Textiles

For African art in general, the internal content, that which links it to a specific cultural context, is very important, quite apart from aesthetic qualities. This is especially true of African textiles which have had in the past, as indeed they have today, an exceptional significance as a means of communication, information and mutual association within particular communities.

Indispensable for understanding the meaning and importance of textile in African culture is an acquaintance with the diverse and abundant symbols to be found on it. These are expressed pictorially, and are almost always closely connected with handed-down oral tradition. That which is characteristic of African art in general – the relationship between the verbal and visual arts – is especially important for art on textiles, because they often take the place of the written word and convey messages of importance for an individual, family, or larger social unit. Among some peoples, this funciton is quite explicit. Thus, for example, among the Dogon people, the name for woven material means the spoken word. In their way of thinking, to be naked, unclothed, is the same as being without speech.
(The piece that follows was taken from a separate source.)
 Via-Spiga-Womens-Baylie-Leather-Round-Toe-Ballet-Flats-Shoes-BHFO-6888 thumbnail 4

The most important material used in West Africa for textile making is cotton, although other materials of plant and animal origin are also used. These can be raffia and other plant fibers, wool and silk. Animal skins and furs and tree bark are materials which have been used much like textiles to make articles of clothing.
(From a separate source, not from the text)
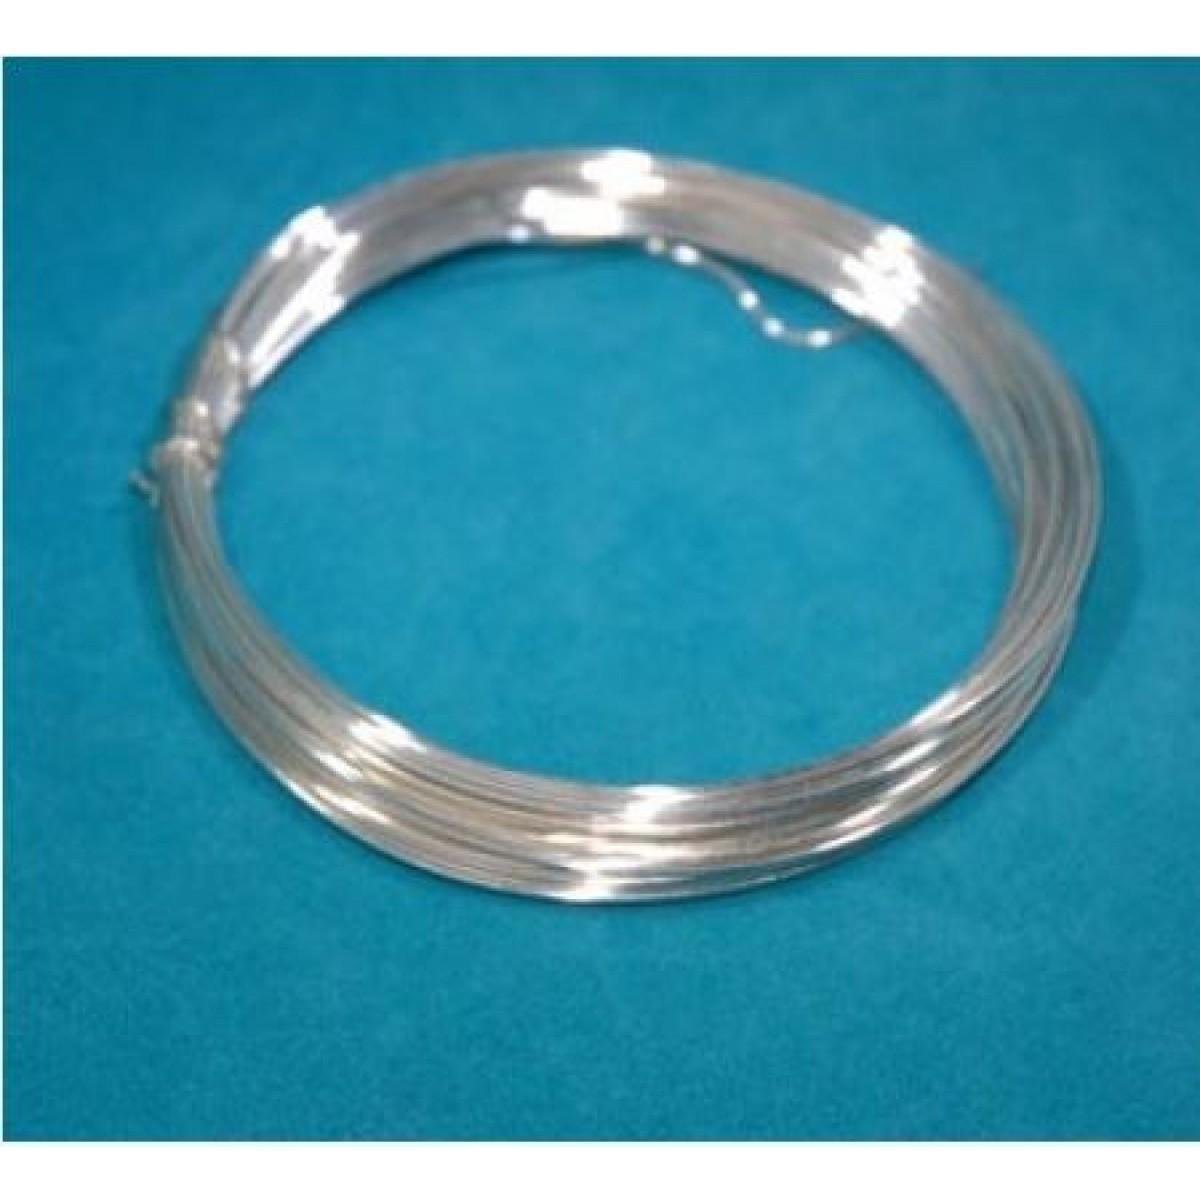 Versilberter kupferdraht 1mm elektronik f r jedermann for Silberdraht kaufen

Cotton textiles are the most common in Africa and cotton clothes the most comfortable for the prevailing climate. The savannas of West Africa were a leading center of cotton growing and weaving in the period corresponding to Europe’s Middle Ages. Although there is little reliable information for prior to the 11th century, it is believed that cotton was already being used for a variety of cloths.

It is traditional for cotton in West Africa to be woven on narrow horizontal looms, with a frame not exceeding 30 centimeters in width. Most often, longs strips of from 10 to 15 centimeters width are woven, although a three-centimeter width is not unusual.

Decorative traditions for textiles include a design worked into a strip during weaving and, typically, fabrics are decorated when finished by dying, painting, stamp printing, appliqué or embroidery. The symbolism of color is essential in the various types of ornamentation.